Objectives The psychological and physical recovery after anterior cruciate ligament (ACL) reconstruction (ACLR) may or may not occur in parallel. A common scenario is the uninformed athlete who lacks awareness of physical deficiencies and returns to sport prematurely. There is increasing evidence that most patients do not meet return to play criteria at 6 months and physical deficits may still persist 1 year after surgery. We hypothesise that a Quality of Movement Assessment for Return to Sport (QMA-RTS) testing programme may have a negative impact on athletes’ perception of psychological readiness to return.
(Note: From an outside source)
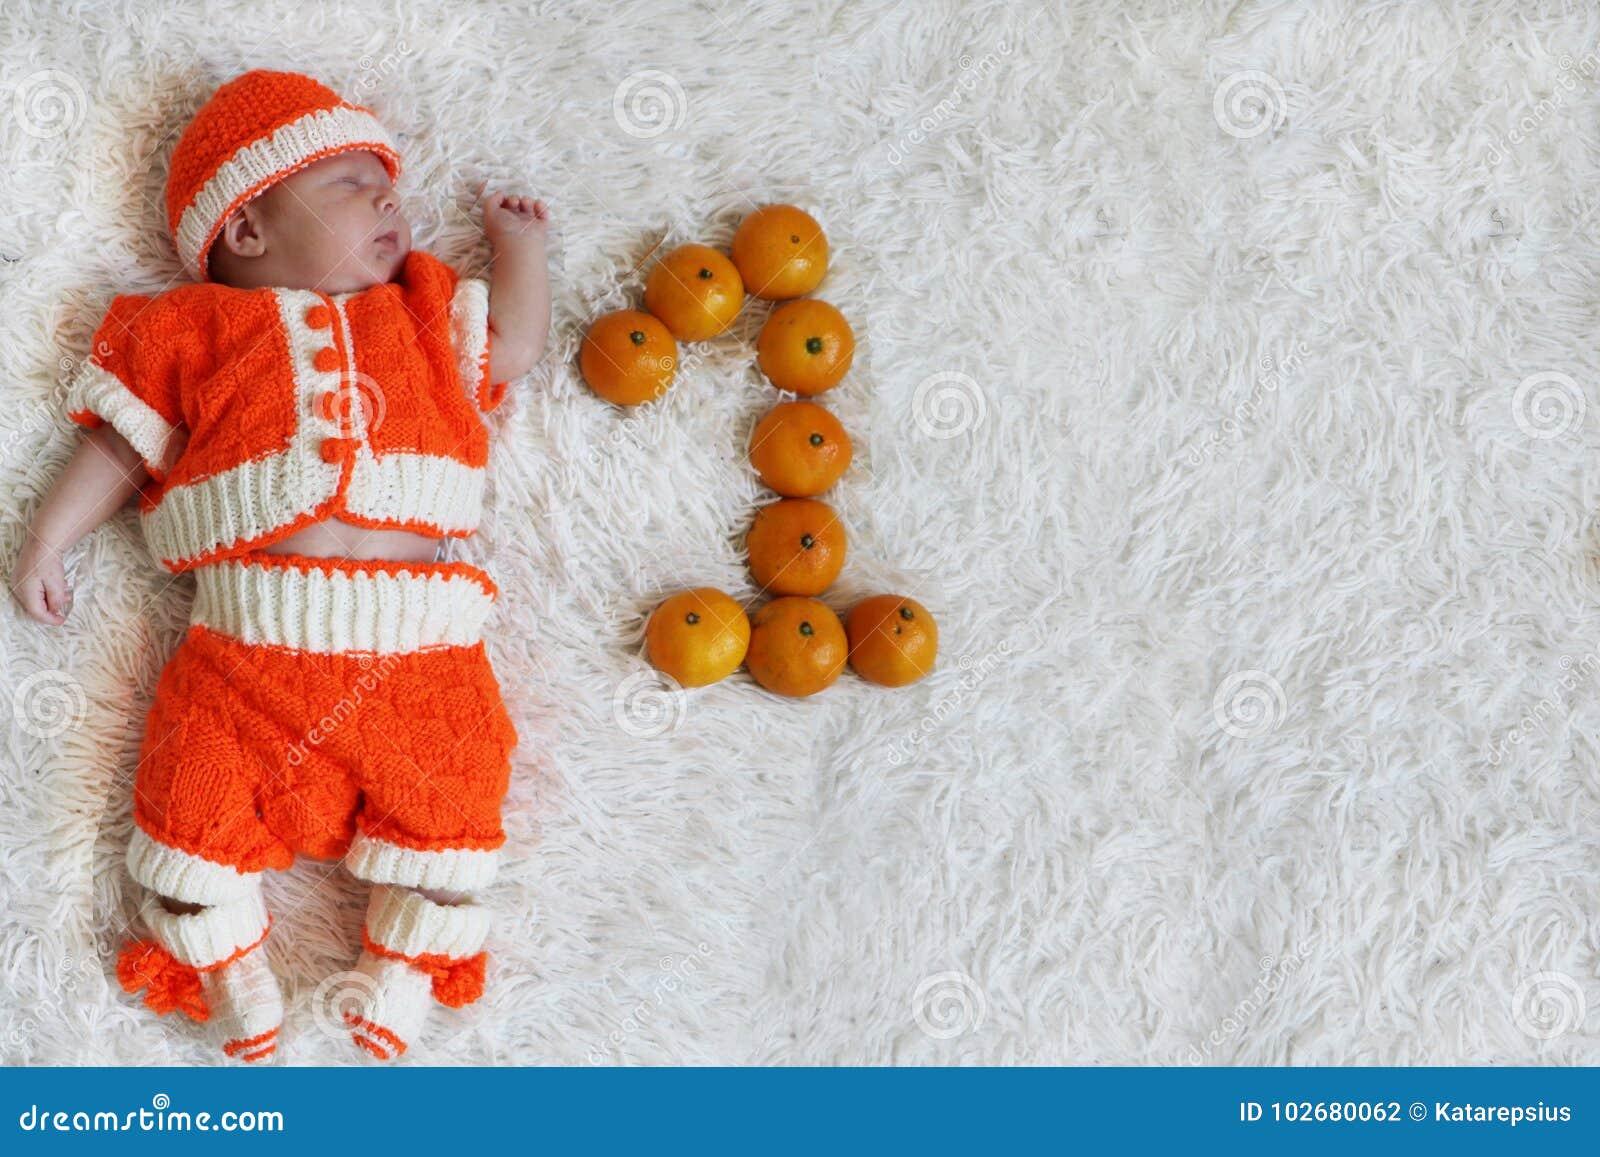 μήνας μωρών ένας Κοισμένος νεογέννητο μωρό ενός μήνα στο πορτοκάλι

Methods A total of 30 athletes who had ACLR and underwent the QMA-RTS 4–10 months after ACLR were recruited. They were randomised to one of two groups that both completed a baseline ACL Return to Sport after Injury (ACL-RSI) scale before their QMA-RTS appointment. In the intervention group, participants completed a second ACL-RSI after the QMA-RTS. In the control group, participants completed their second survey before the session. The mean difference in scores between the two groups was compared using an independent samples t-test.
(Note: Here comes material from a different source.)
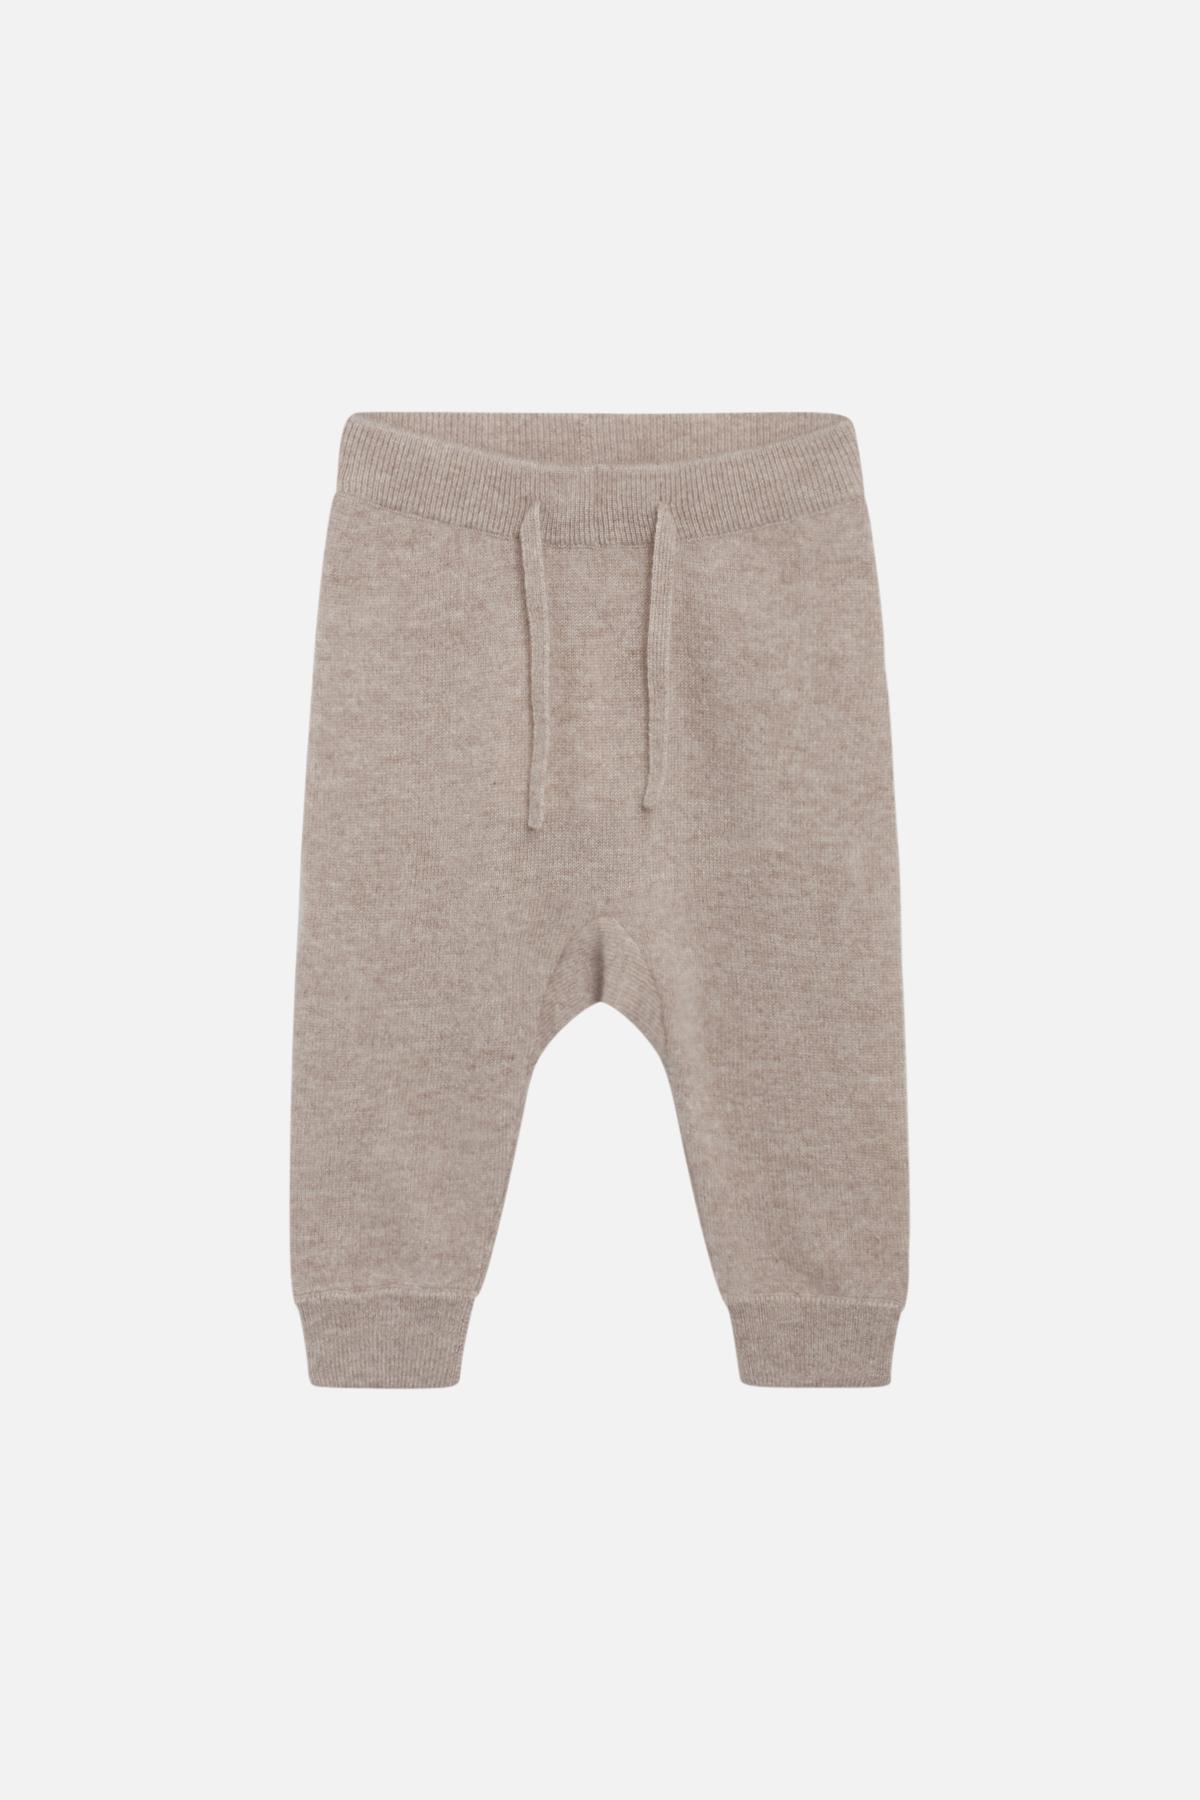 Uni - Trousers

Results The groups were balanced for sex (9/15 female), mean age (16 years) and average time since surgery (6 months). The baseline ACL-RSI scores were not statistically different between groups (4.6 (95% CI −10.6 to 19.8), p=0.54). In the controls, there was an increase in scores (+4.4) between the first and second surveys, while there was a decrease in the intervention group (−3.4). This difference between groups was not statistically significant (7.8 (95% CI −1.7 to 17.3), p=0.10).
Conclusions The QMA-RTS programme did not significantly reduce patients’ mean scores on the ACL-RSI compared with controls. The limited effect on psychological responses may be due to the athletes’ self-awareness of their physical deficits at 6 months after ACLR.
Level of evidence Level II, randomised controlled trial.